De VNG hanteert de volgende uitgangspunten bij het opstellen van modelverordeningen:

1. Een eenduidige juridische systematiek, d.w.z. uniformiteit in opmaak en stijl, eenduidige begrippen en onderlinge inhoudelijke samenhang.

2. Alle modellen worden in beginsel altijd opgesteld in lijn met de 100 Ideeën voor de gemeentelijke regelgever, daar wordt ook op getoetst.

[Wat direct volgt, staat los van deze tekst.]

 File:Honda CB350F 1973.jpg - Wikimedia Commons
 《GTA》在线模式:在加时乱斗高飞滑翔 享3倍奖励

Hierbij besteden we aandacht aan:

  • Eenvoud, helderheid en toegankelijkheid.
  • Rechtmatigheid: in overeenstemming met de Algemene wet bestuursrecht, de Gemeentewet, overig toepasselijk ‘hoger recht’ en de algemene rechtsbeginselen zoals het gelijkheidsbeginsel.
  • Effectief regelgevingsbeleid: noodzakelijkheid en wenselijkheid, handhaafbaarheid en naleefbaarheid, doeltreffendheid en doelmatigheid en (ongewenste) neveneffecten.
  • Deregulering en administratieve lasten: schrappen van overbodige regels, samenvoegen van regels, algemene regels in plaats van vergunningstelsels, etc.

3. Een erg belangrijk uitgangspunt is dat de modellen voldoende recht moeten doen aan de autonome status van individuele gemeenten. Dat wil zeggen dat - waar bevorderlijk voor de keuzevrijheid van gemeenten - meerdere opties/keuzemogelijkheden binnen een model worden gecreëerd. (Door middel van varianten, facultatieve bepalingen en invulbepalingen.)

4. Toelichtingen kunnen fungeren als modeltoelichting. Verdere uitleg en informatie (context, toelichting bij de te maken keuzes, etc.) krijgen een plek in de (begeleidende) VNG ledenbrief en de daarbij behorende bijlagen (was-wordt-tabel, model raadsbesluit wijziging en evt. implementatiehandleiding).

Waar kunt u de meest recente modelverordeningen aanvragen?

De modellen van de VNG (waaronder de modelverordeningen) worden in de Kennisbank Decentrale Regelgeving (KDER) en de Modellen Decentrale Regelgeving (MDR) opgenomen en beheerd. Beide producten vullen elkaar aan: KDER biedt u achtergrondinformatie bij het opstellen van verordeningen, via MDR kunt u uw eigen verordeningen genereren.